What I’m going to share with you is one of my BIGGEST frustrations as step-parent that happens when I am out in public with my two boys.
This is a question that I DREAD answering!
So BIG that I stumble over my words and even awkwardly laugh at the question.
BUT at the SAME time, I am boiling inside with the degradation that it means for myself and the boys.
Busy weekday afternoon at Sams Club, or Costco (it happens at both, but more often at Sams Club), needing to get from my school, to the boys’ school, to the store, to their sports practice, to dinner, and beyond. Every one knows this struggle.
Not only that, but every parent knows the struggle of needing to get through the grocery store quickly and efficiently without a meltdown or forgetting something, because one of those is bound to happen. Thankfully with the boys’ ages, it has become a much more effective trip to the grocery store, but there are still the arguments and the “I want” and “Can I have?” even now.
The shopping is over and I have a full conveyor belt neatly organized and ready to be scanned efficiently and quickly; because let’s be real, I had a whole plan when putting the groceries into my cart and then onto the conveyor belt that clearly means business and I’m in a hurry.
The check-out lady (it’s always a lady/girl that asks this question) is scanning my items, while the boys are jumping around at the end of the cart, watching everything be loaded, while continuing to ask, “Mom, can I have?” or simply, “Hey Mom!”
When all of a sudden, the STARE happens.
The stare between looking at the boys and looking at my face. The stare of puzzlement in their head that doesn’t just stay in their head, but COMES OUT!
“These are your kids?” questions the check-out lady.
Then, the stare and smile come from not only me, but from the boys as well, where they look at me and I look at them and we smile at each other. Apparently smiling at one another is never a clear indicator that we are mother and sons, so here it comes…
The second and third question mixed into one…
“But you’re so young? How old were you when you had them?”
How do I answer?!
Do I answer with, “Yes, I was 14 when I had him”, or “No, they’re my step-sons” or “No, I’m their step-mom”?
Which one am I SUPPOSE to choose??
Because honestly, there isn’t a one correct answer for any of those options.

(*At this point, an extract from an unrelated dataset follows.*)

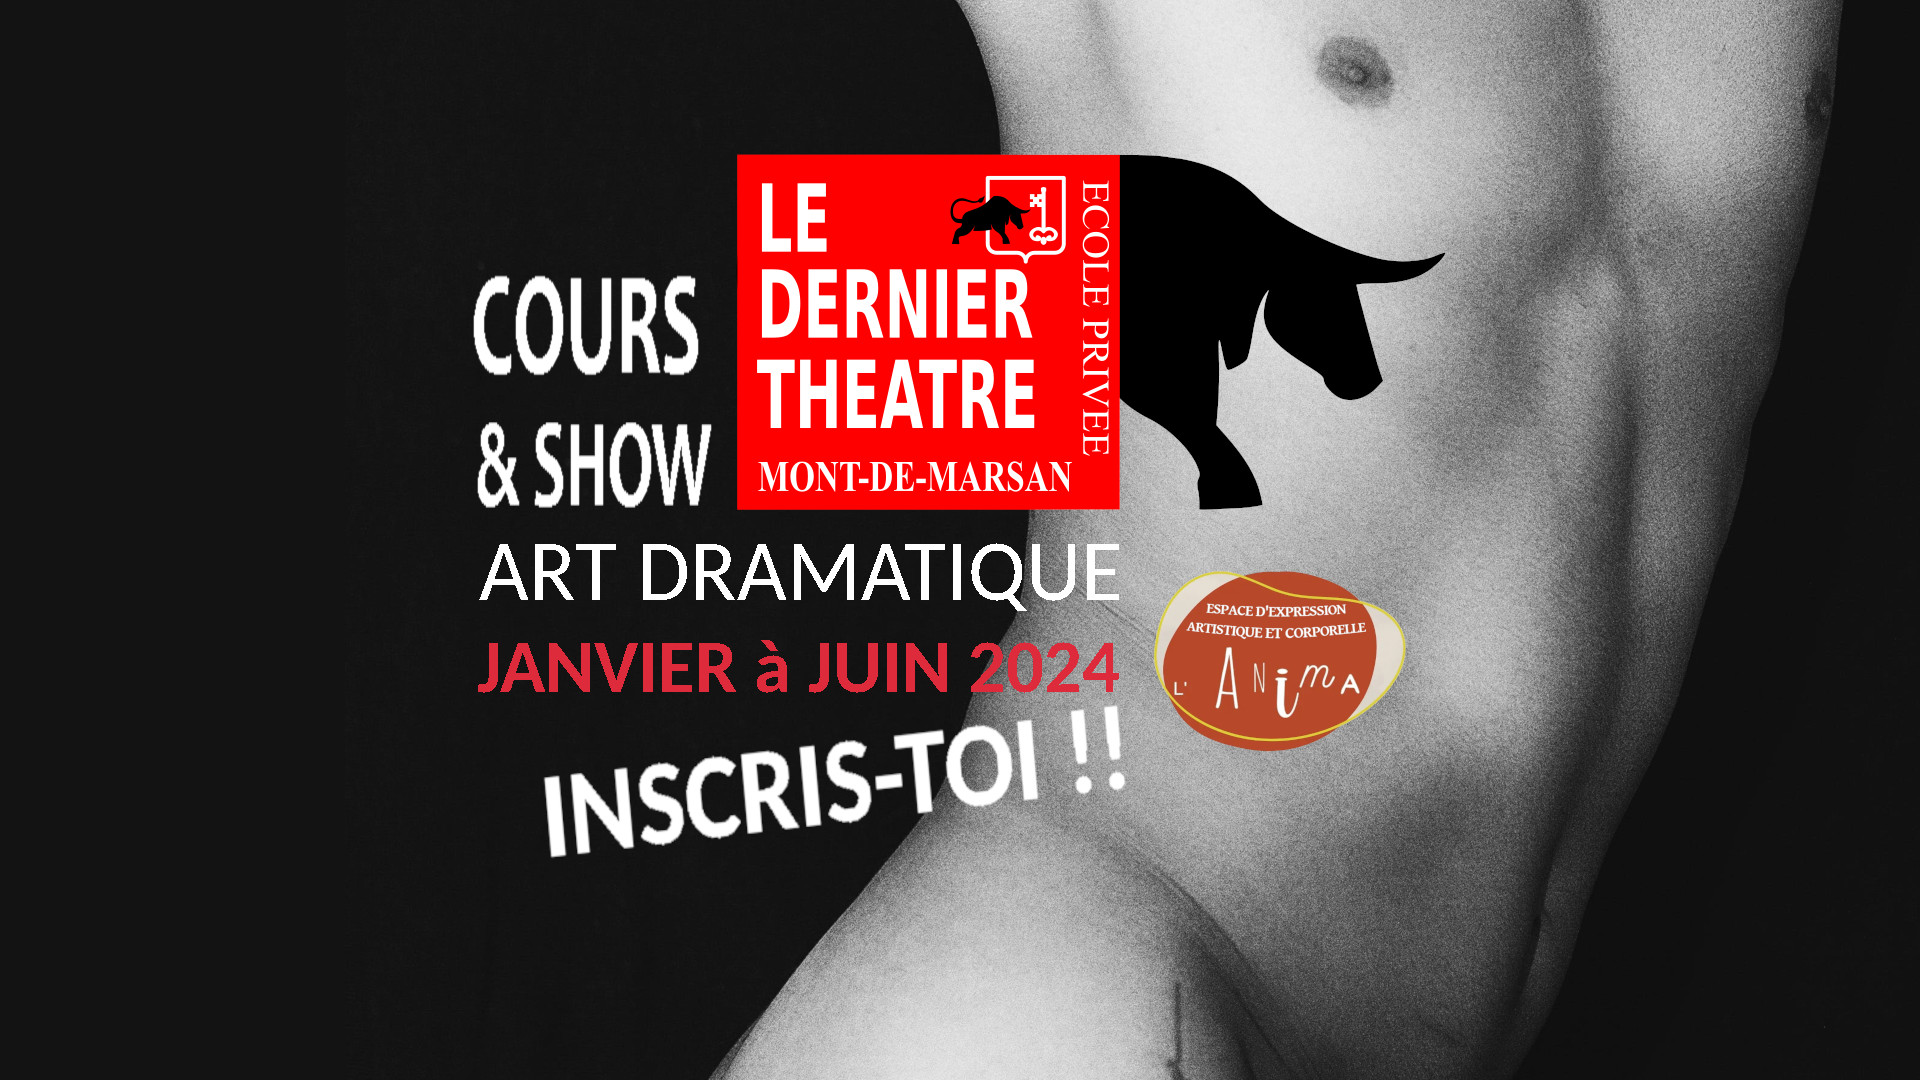 Le dernier théâtre - École privée art Dramatique - Cours & Show 2024
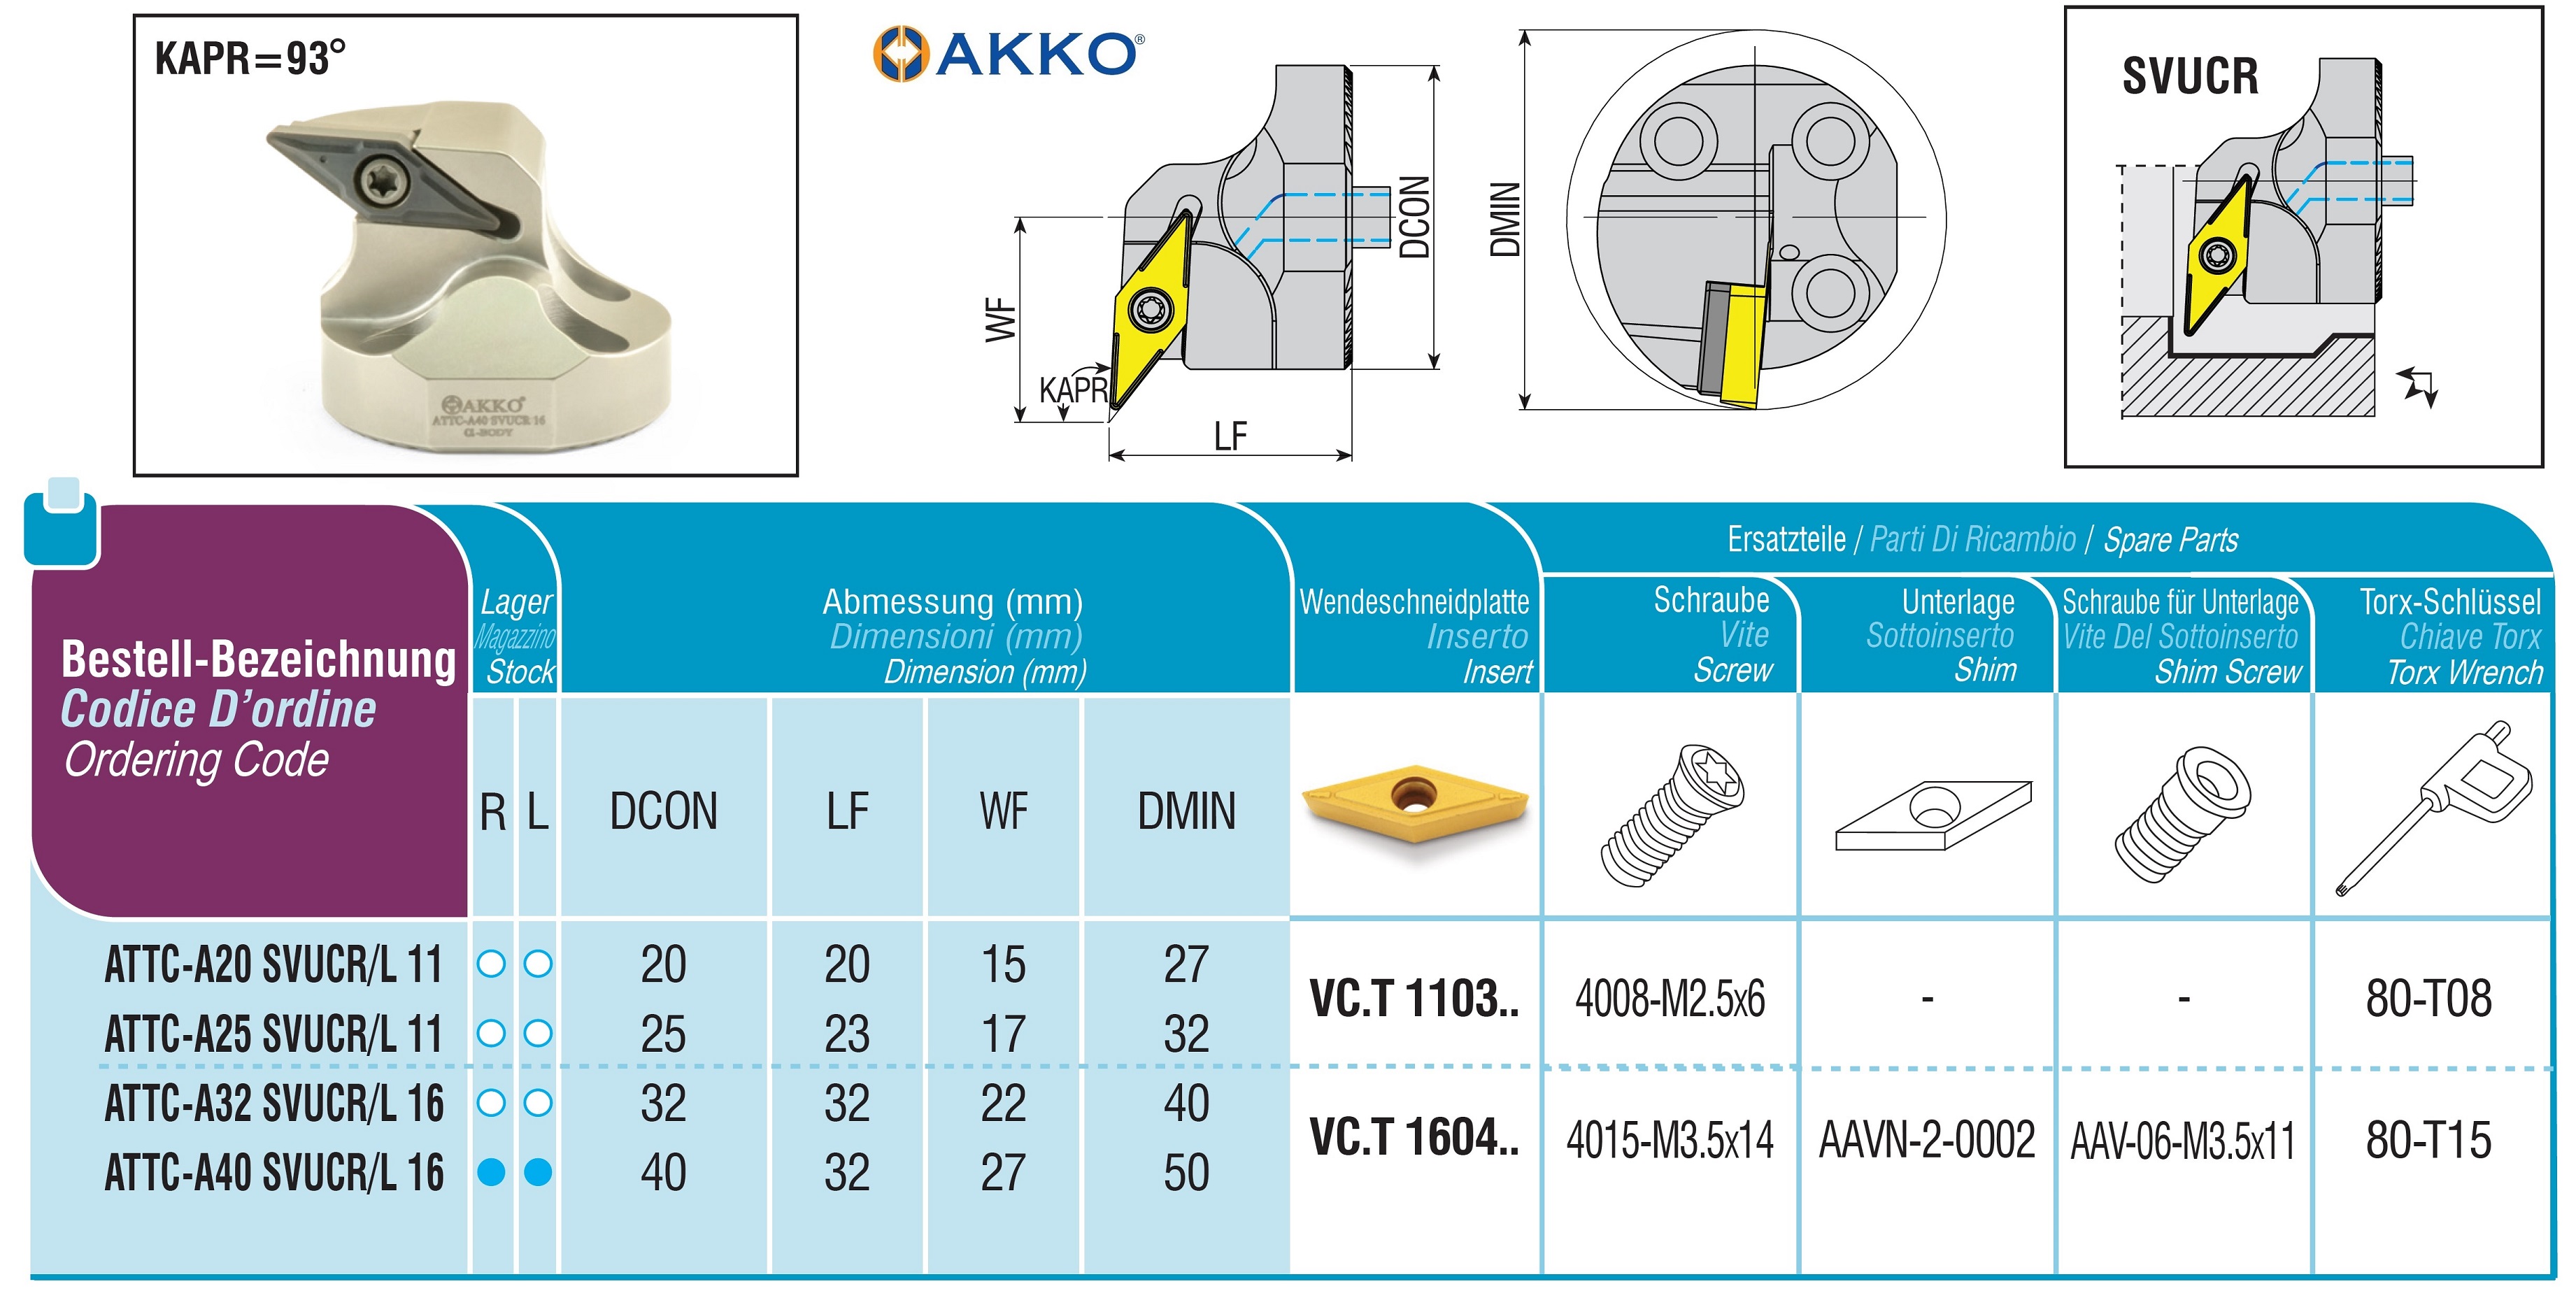 AKKO-Wechselkopf für schwingungsgedämpfte Bohrstange, ø = 40 mm, für Wendeplatte VC.T 1604.., mit Innenkühlung, für eine hohe Oberflächenqualität bei großer Auskraglänge, linke Ausführung

I would never answer the question of “How old were you when you had them?” with the answer they might be expecting. Because the simple truth is, I did not give birth to him at 14 years old. The truth is, they were was placed in my life at 21 years old. At 21 years old, I made a decision to begin a relationship with a man that I knew had “baggage”. At 21 years old, the Lord knew that this tiny family needed me to not only take care of them, but to build them all up in their faith. During my 22nd year, I became a full-time mom overnight (literally). The year I became a full-time mom, I was still 22, the boys were in 1st and 2nd grade, and I was finishing up my credentials. By the end of their 1st and 2nd grade school year, I was 23 years old, student teaching, and engaged to their dad.
When I answer those questions at the store, I know the correct answer is suppose to be “They’re my step-sons or I’m their step-mom”. I know that! I know that is what the world wants me to say. But when I look in their eyes and I say the words “step-sons”, it BREAKS my heart! Because they know those words aren’t truly either.
They are not my step-sons, they are my children. I have raised them and groomed them into the young gentleman they are today. I may not have been there for the diaper changes and the potty training, but I am here now. I’m here for the daily struggles of homework and shuttling them to different practices. I’m here every day to teach them what their responsibilities are in our home and in the world.
But how do you explain that to a check out lady at Sams Club?
Step-parents out there, how do you deal with these types of questions?
What’s your biggest frustration as a step-parent?